**Problem statement**
Scan the records for the string "White" and copy every line that holds it.

++++ Supplied entries ++++

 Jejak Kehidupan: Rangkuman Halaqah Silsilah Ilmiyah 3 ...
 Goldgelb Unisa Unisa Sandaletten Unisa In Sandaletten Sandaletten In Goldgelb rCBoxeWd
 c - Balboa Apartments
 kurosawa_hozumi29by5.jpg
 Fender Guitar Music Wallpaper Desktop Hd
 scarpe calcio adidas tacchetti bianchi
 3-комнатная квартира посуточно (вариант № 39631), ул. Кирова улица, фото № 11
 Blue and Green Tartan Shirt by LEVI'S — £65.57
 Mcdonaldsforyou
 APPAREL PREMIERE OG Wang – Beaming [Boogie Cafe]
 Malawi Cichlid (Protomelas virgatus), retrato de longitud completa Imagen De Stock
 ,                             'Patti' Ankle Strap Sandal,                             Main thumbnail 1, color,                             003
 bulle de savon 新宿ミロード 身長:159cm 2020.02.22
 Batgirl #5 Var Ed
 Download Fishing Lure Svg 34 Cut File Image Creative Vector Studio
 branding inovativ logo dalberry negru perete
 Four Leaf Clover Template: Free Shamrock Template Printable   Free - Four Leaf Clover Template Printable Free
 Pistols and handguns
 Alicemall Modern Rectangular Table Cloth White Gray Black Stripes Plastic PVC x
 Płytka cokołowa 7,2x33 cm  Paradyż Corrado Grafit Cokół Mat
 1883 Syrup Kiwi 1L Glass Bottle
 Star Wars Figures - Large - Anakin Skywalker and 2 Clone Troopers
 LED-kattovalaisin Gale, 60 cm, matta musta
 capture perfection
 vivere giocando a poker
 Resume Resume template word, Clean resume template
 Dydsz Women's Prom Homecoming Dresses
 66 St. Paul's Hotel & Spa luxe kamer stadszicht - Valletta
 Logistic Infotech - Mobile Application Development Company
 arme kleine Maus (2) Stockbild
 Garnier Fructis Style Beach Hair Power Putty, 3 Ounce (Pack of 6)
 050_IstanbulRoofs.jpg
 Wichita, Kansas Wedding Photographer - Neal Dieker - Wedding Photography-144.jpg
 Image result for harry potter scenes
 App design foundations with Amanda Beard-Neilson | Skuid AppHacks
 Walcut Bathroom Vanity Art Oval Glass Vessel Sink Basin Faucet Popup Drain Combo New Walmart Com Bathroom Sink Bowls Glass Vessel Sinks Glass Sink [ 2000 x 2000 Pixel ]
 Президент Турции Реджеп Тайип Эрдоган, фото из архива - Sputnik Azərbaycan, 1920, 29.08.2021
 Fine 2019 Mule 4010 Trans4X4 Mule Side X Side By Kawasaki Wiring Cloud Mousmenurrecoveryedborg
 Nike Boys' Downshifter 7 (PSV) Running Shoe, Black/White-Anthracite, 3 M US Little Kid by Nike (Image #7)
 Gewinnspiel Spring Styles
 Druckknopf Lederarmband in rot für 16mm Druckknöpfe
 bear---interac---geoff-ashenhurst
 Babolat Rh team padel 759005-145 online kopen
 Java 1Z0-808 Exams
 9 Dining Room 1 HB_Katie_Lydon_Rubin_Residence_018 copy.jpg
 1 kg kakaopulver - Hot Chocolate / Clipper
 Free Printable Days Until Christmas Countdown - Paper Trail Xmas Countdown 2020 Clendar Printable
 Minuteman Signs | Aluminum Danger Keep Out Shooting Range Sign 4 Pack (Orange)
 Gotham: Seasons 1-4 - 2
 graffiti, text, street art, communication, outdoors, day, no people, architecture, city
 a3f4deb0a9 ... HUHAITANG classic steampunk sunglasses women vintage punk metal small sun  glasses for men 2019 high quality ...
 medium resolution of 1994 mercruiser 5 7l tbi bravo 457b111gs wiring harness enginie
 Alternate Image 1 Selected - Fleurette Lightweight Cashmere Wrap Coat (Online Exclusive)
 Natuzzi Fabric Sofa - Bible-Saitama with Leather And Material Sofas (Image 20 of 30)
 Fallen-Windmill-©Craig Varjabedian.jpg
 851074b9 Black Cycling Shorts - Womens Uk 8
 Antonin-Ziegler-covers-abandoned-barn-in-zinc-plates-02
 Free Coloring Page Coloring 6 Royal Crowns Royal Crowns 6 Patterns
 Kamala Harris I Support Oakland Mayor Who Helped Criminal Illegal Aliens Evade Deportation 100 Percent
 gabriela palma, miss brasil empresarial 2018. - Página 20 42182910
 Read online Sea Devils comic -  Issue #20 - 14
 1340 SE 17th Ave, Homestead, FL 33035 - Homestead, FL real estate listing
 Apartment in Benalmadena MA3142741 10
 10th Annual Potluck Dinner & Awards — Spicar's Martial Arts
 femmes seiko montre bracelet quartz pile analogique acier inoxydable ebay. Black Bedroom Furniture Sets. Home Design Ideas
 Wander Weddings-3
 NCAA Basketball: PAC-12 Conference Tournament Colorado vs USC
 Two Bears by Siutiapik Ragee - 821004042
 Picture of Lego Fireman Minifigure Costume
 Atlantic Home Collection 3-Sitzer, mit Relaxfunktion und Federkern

++++

**Exercise output**
 Alicemall Modern Rectangular Table Cloth White Gray Black Stripes Plastic PVC x
 Nike Boys' Downshifter 7 (PSV) Running Shoe, Black/White-Anthracite, 3 M US Little Kid by Nike (Image #7)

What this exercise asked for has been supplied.